▸ EXERCISE REQUIREMENTS
Send back the data below exactly. Drop every picture.

▸ INFORMATION SHOWN

------------

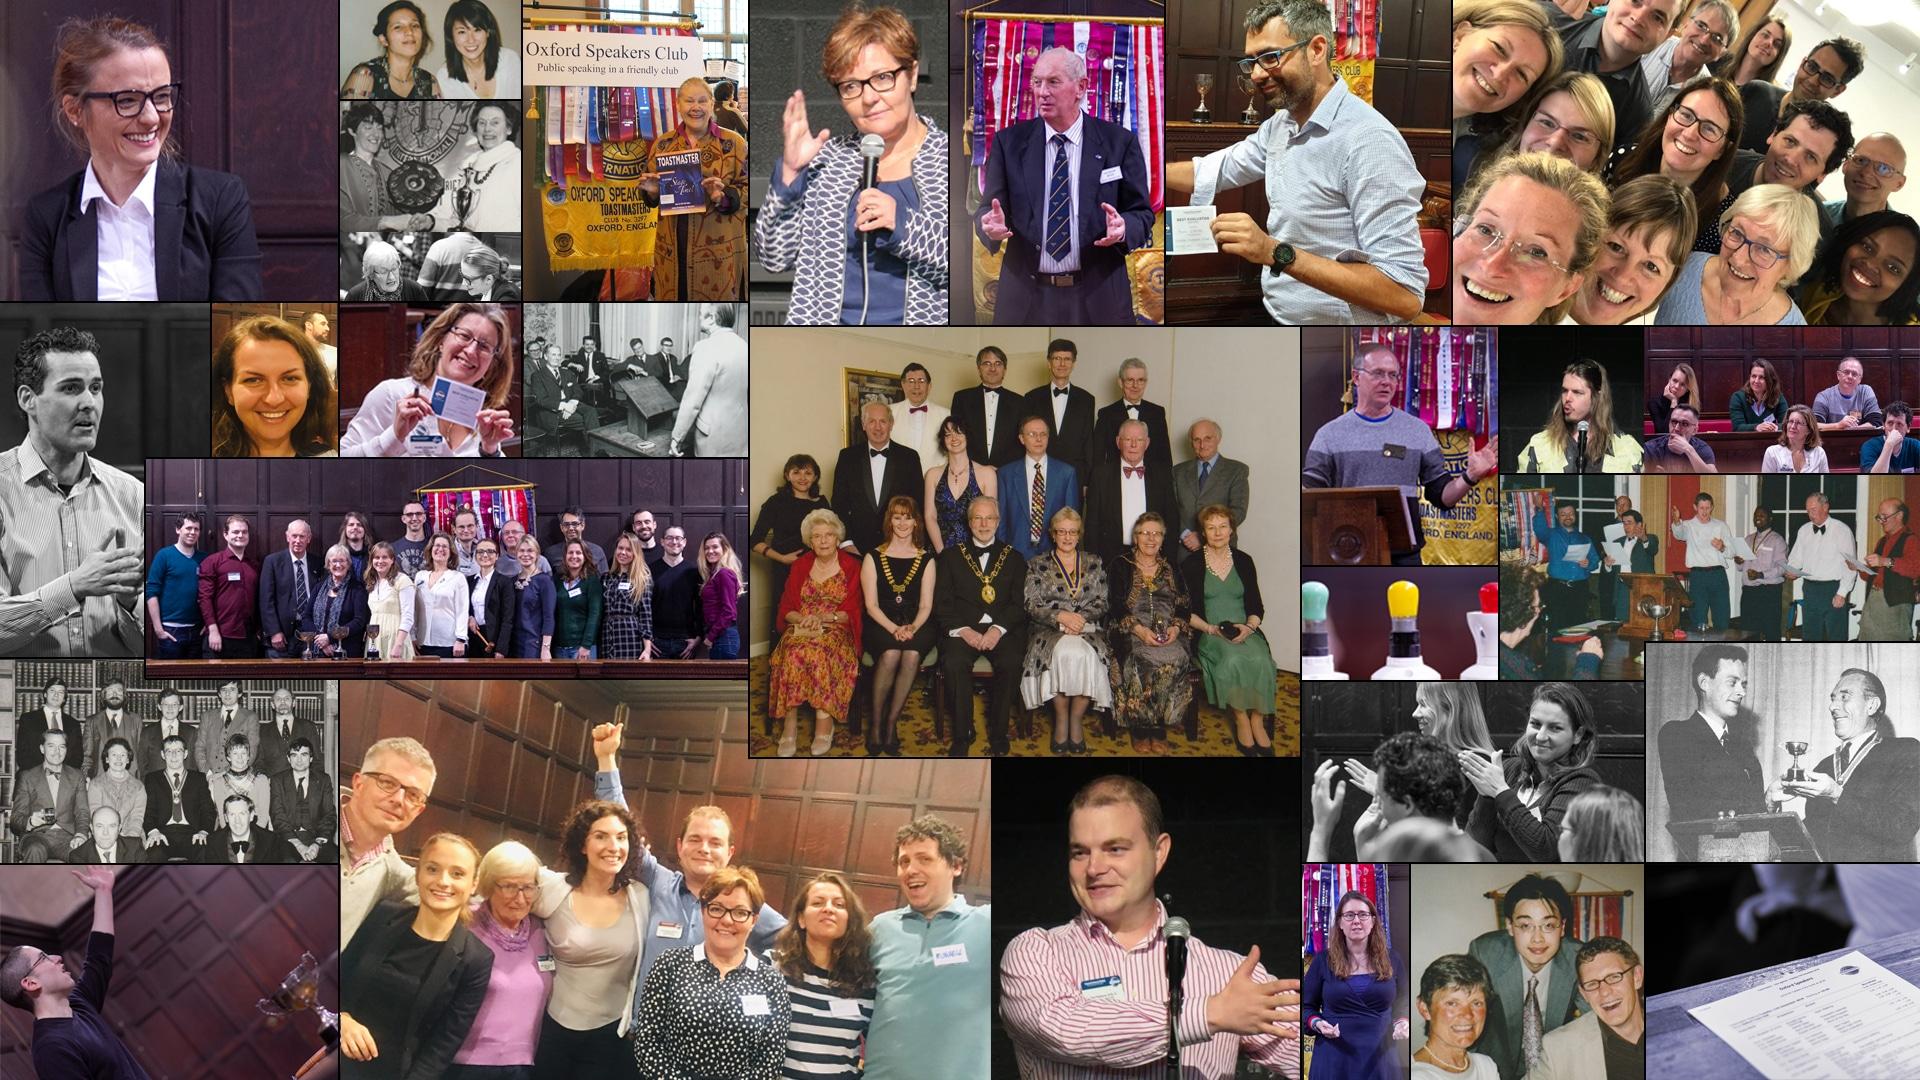 Oxford Speakers
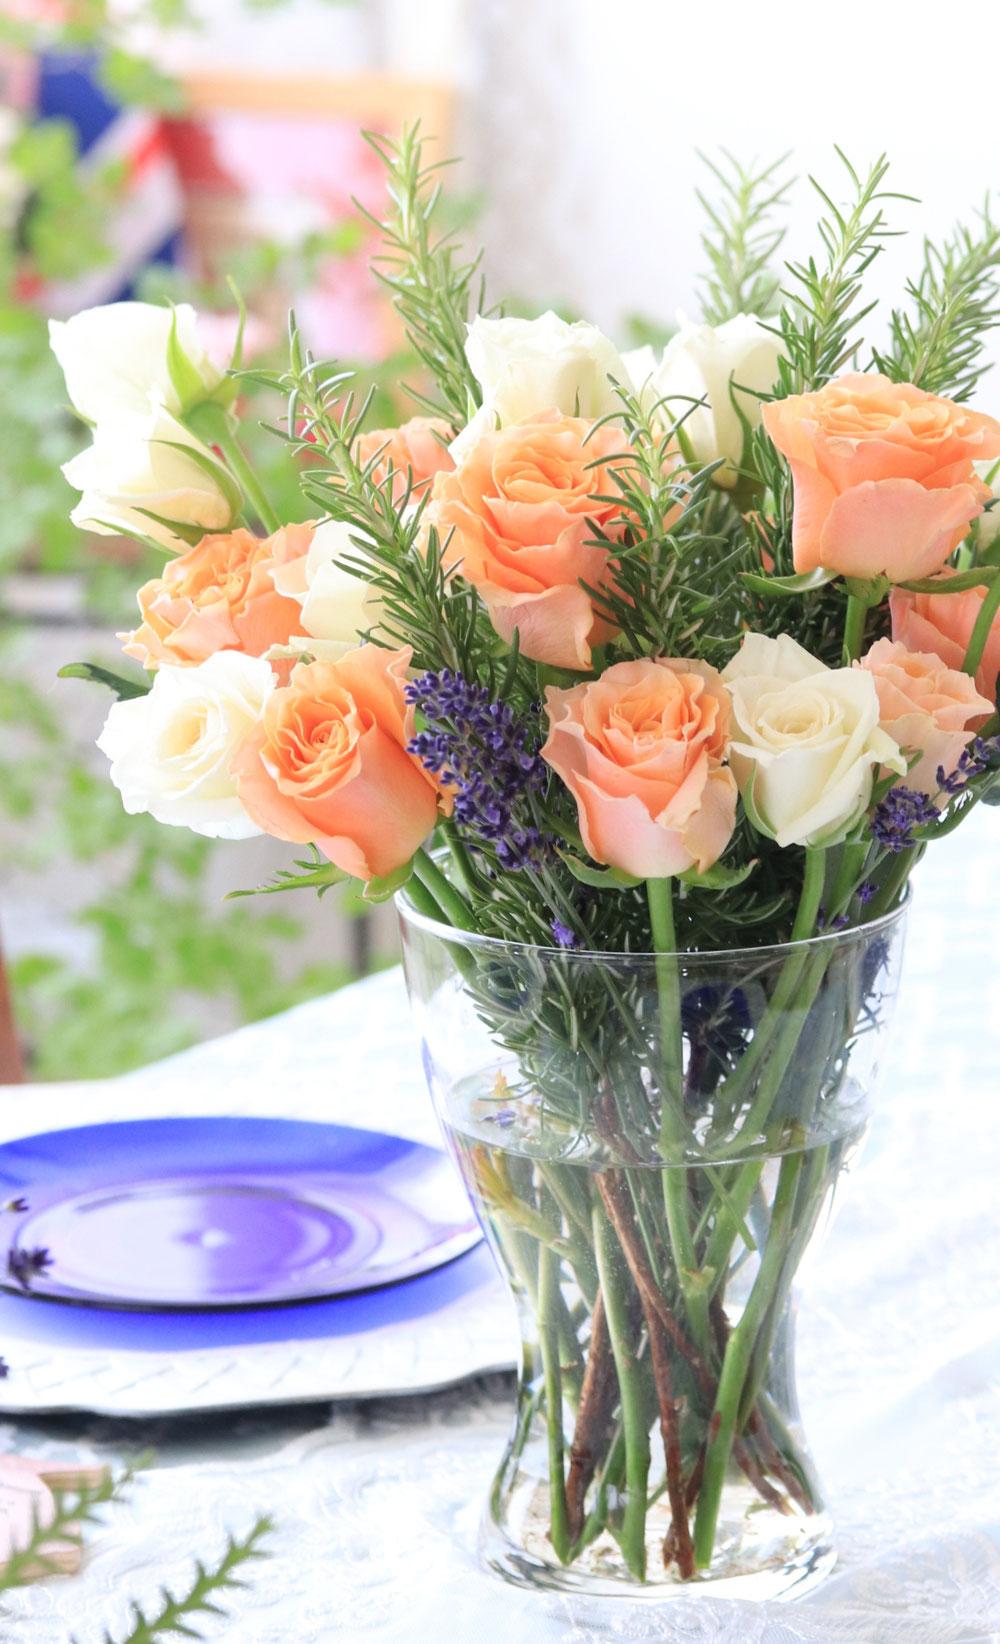 素敵なバラありがとう
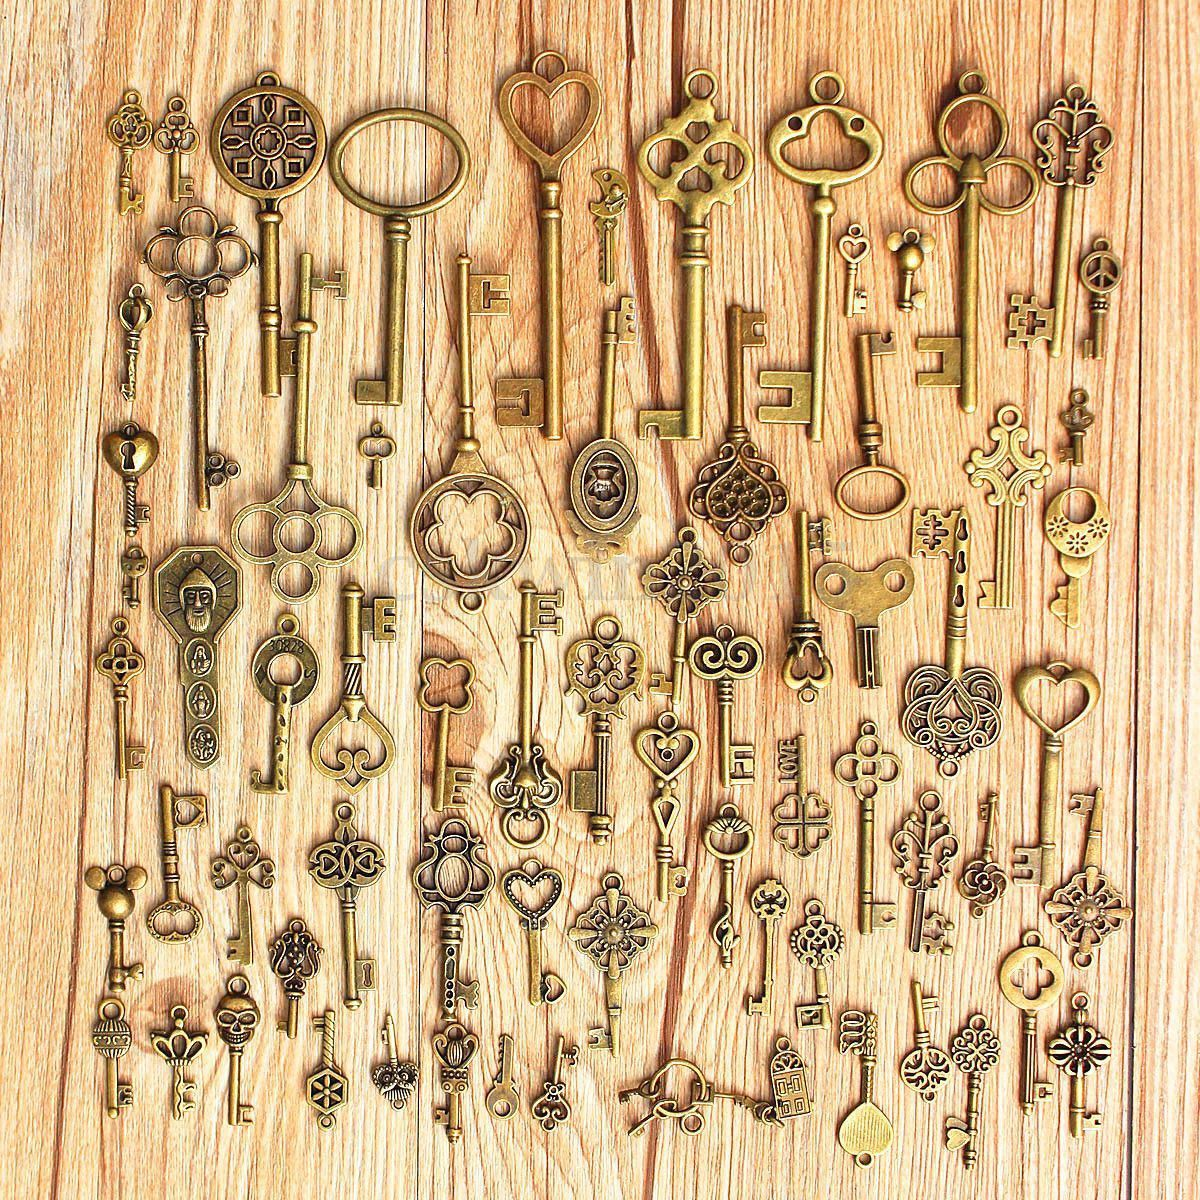 Set Of 70 Antique Vintage Old Look Bronze Skeleton Keys Fancy Heart Bow Pendant 70pcs
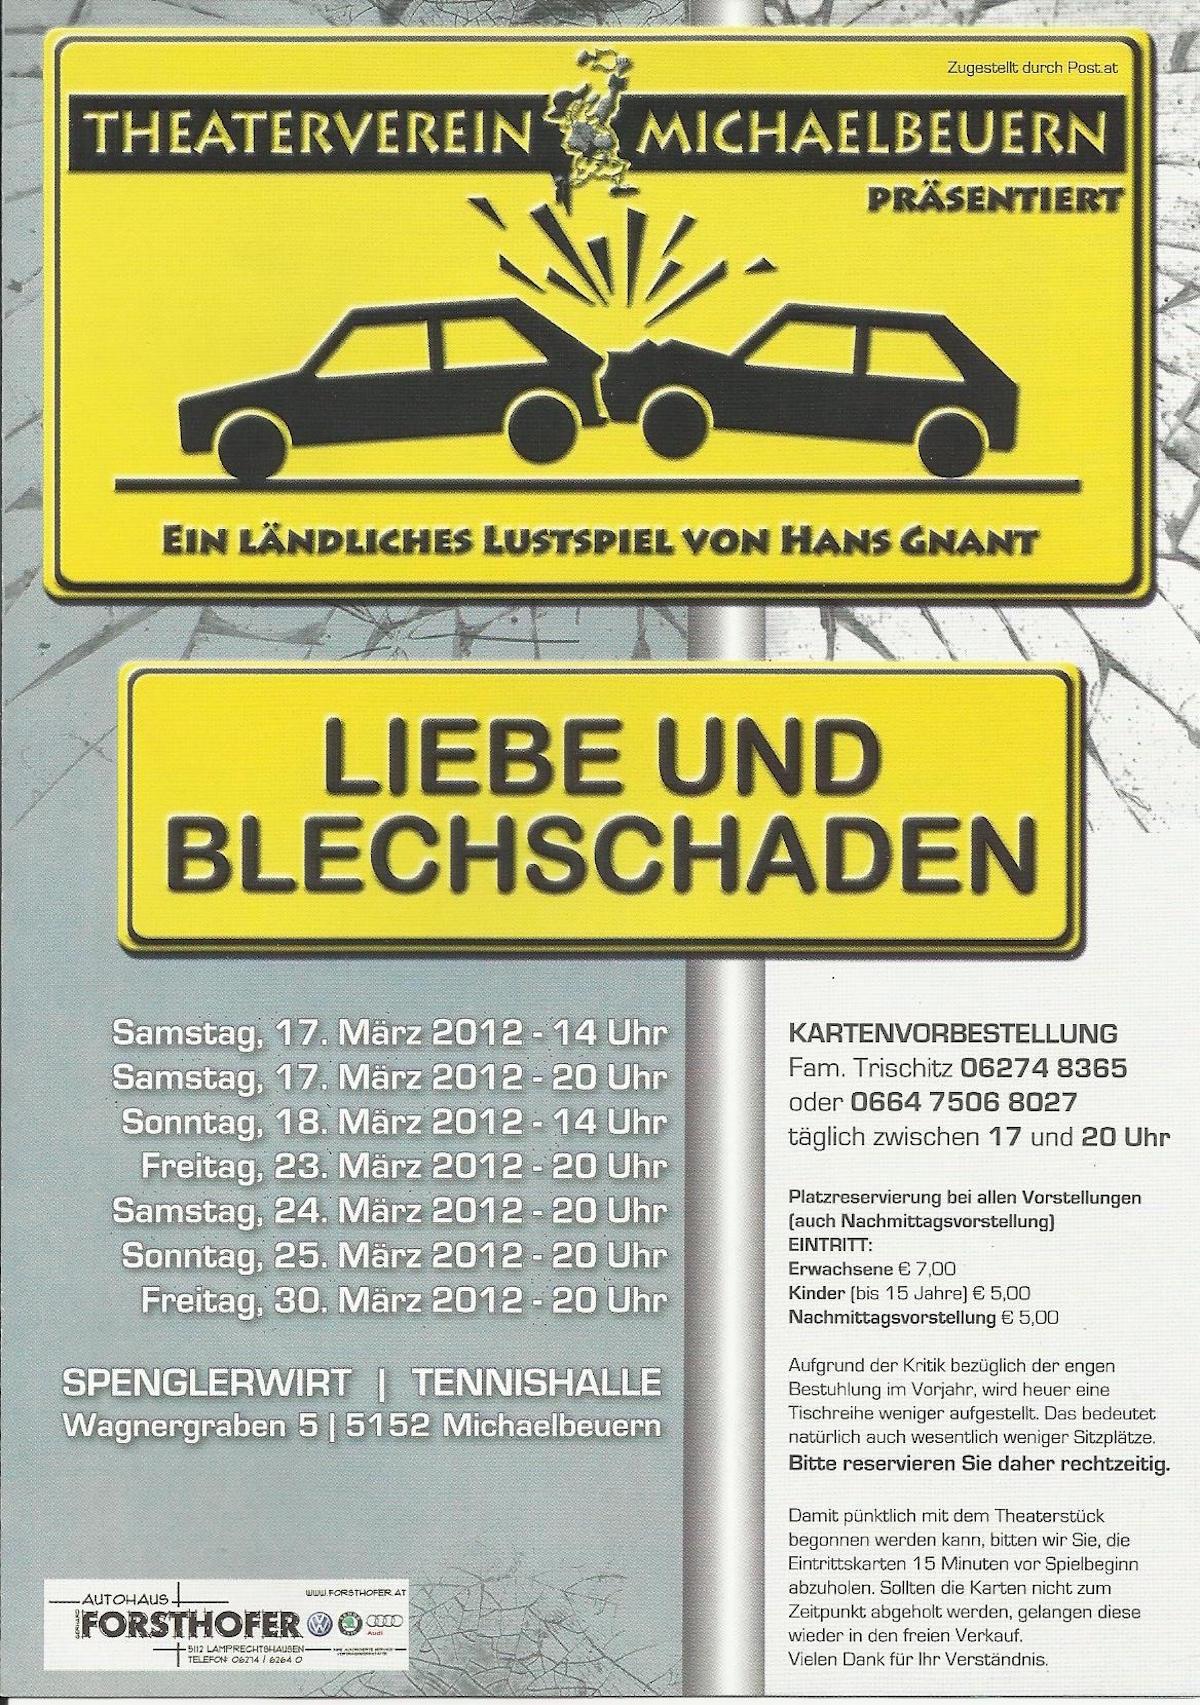 TV 2012 Liebe und Blechschaden0001

------------

▸ FINISHED TASK
 Oxford Speakers
 素敵なバラありがとう
 Set Of 70 Antique Vintage Old Look Bronze Skeleton Keys Fancy Heart Bow Pendant 70pcs
 TV 2012 Liebe und Blechschaden0001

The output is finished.